I have always had a place in my heart for God. I dont know when I first heard of him but I remember my first prayer. I was in an orphanage about age seven with my other four siblings. This day we were out side and I had walked over to the chane link fence. I was watching other children being droped off by a school bus and walking to their homes. I wondered what it would be like to be them and why I couldent have a home with loving parents like they did. I felt as though something was wrong with me. I remember looking up at a cloud and saying a prayer. Wishing more than asking Heavenly Father if I could have parents who would love me. And this overwhelming feeling of peace and joy came to me. He had answered my prayer. I no longer felt sad but that everything would be ok. I remember leaving the fence feeling happy.
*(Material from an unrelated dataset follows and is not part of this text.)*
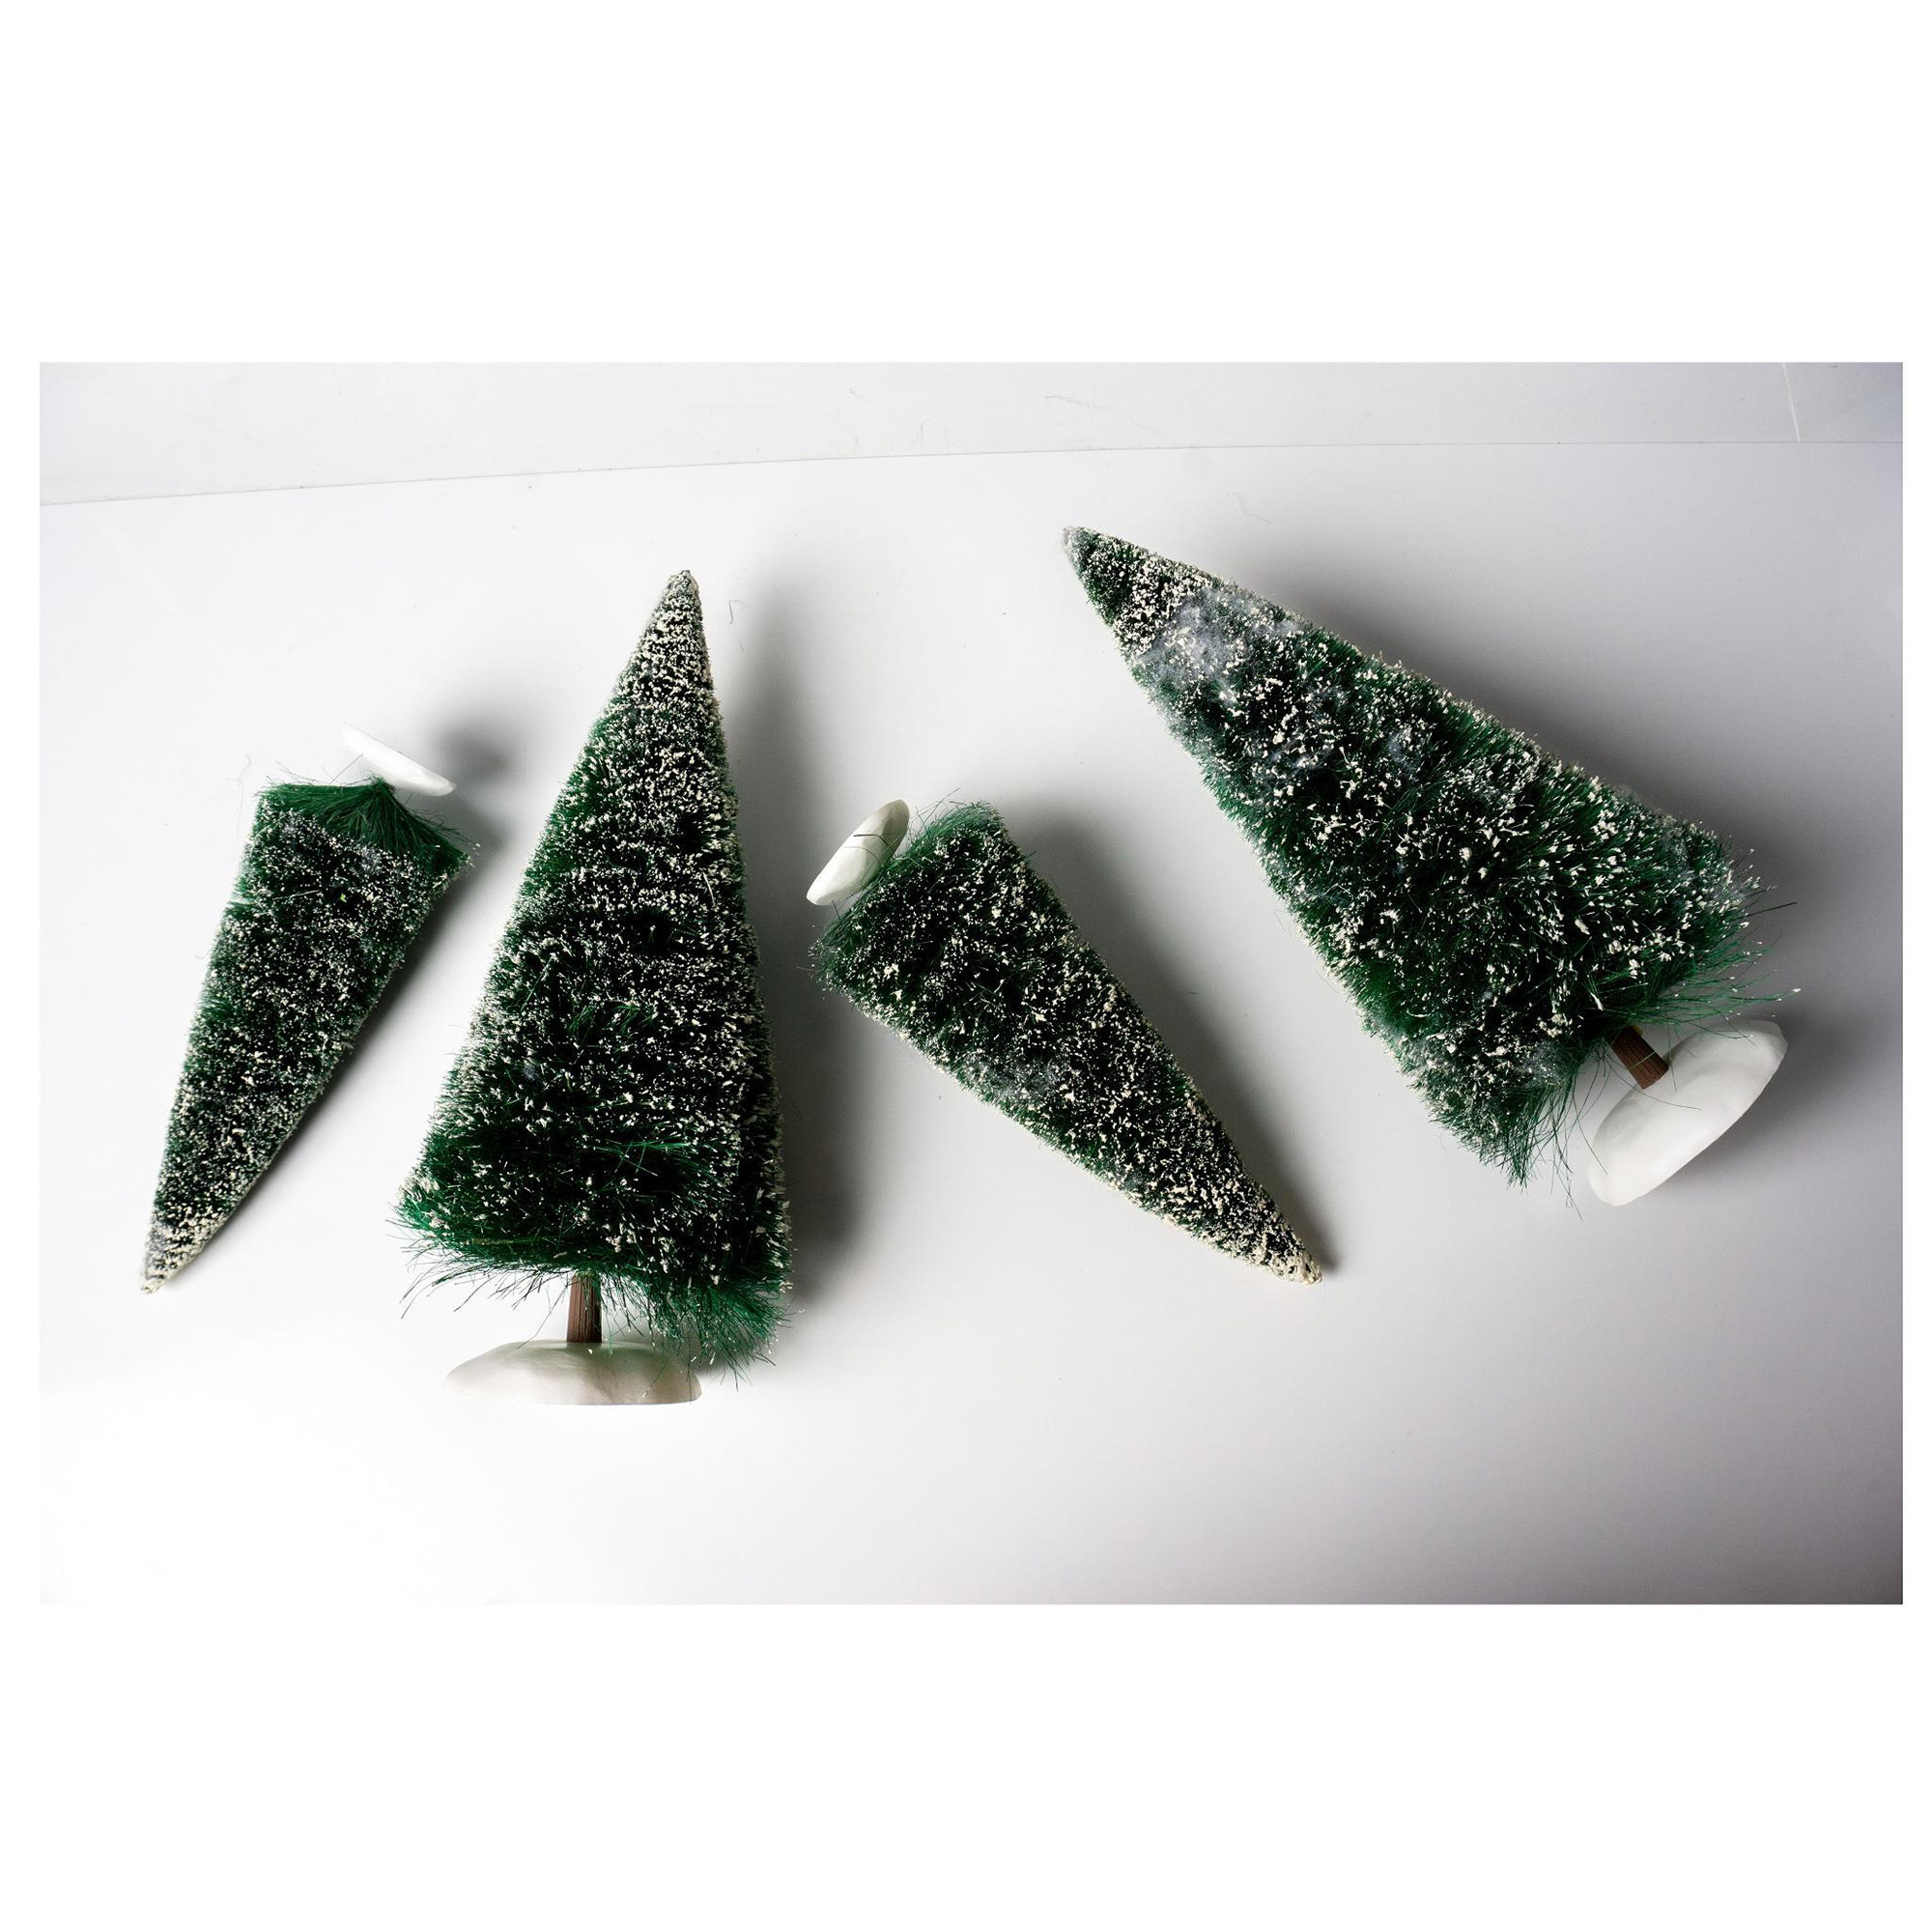 4pc Department 56 Accessory Figurines, Fir Trees - Image 2 of 3

Eventully we were put into a foster home. I remember going to church with them. I always had a good feeling when I was at church. From there we ended up with a family of ten children. They did not go to church, but some of us older children would walk to the different one's that we could. As I grew older I continued to go to various churches and try them out. I had experiences that brought me closer to God and Jesus but I was still always seeking for something. When I was 17 I acepted missinary lessons. I knew right away that this was the church I had been looking for. I could feel it, I never had the big converson event that some do. I just always knew it was true. That God had guided me and was pleased with my decision to join this church. When I was baptized the feeling of peace and compfort, of pure joy and love I felt as a child filled me. I know this is Gods Church. Now sometimes I have a chance to visit diffrent L.D.S. churches, the people are different but the feeling I get from the spirit is the same. He testifies to me that the gospel being taught is true. And even if I know no one; I am at home.

How I live my faith

Becouse of my beleif in God I know that I need to follow his will and not my own. But even knowing this dosent make it easier to get out of bed sometimes and get going. My husband was also a brand new convert to the church when we meet and got married. However he had to stop comming becouse of work, then becouse he wanted a day to rest and then to do what he wanted. Before long he stoped just wanting to come. Being newly married I wanted to be with him and stoped comming also. God was always in my heart and I never lost my faith. But I chose to be with him instead. As my children got older I realized I had a responsibility to make sure they were learning about God and Jesus. As well as having a yearning in me to align myself with what I knew was true, to feel the spirit with me again. Even though I went back to church my husband did not. This had a large influence on our children and none of them come at this time. It can be hard to leave the ones you love and want to be with to go to church. Especilly now when they are all adults and I dont see them as much. I want to be with them but I know that my example is all that is left to hopefully bring them to know what I do. And in my heart I my self want to be doing all that Heavenly Father wants me to. Even if it's hard to get there, going to church strengthens me. The more I learn and the more service activites I help with. The more my eyes are opened to see how much God loves each of us and how we are to love and help oneanother. There are so many in need in so many ways. Not just the sick and the poor but also the lonely, the spiritully worn down. And the ones who have no hope becouse thay dont know about a loveing Heavenly father. I try to follow Christ example and weekly get out to visit others. To see if there is something we can do to help them. Some just to say hello and let them know we are thinking of them. This is when the spirit comes. When I open my heart to those in need.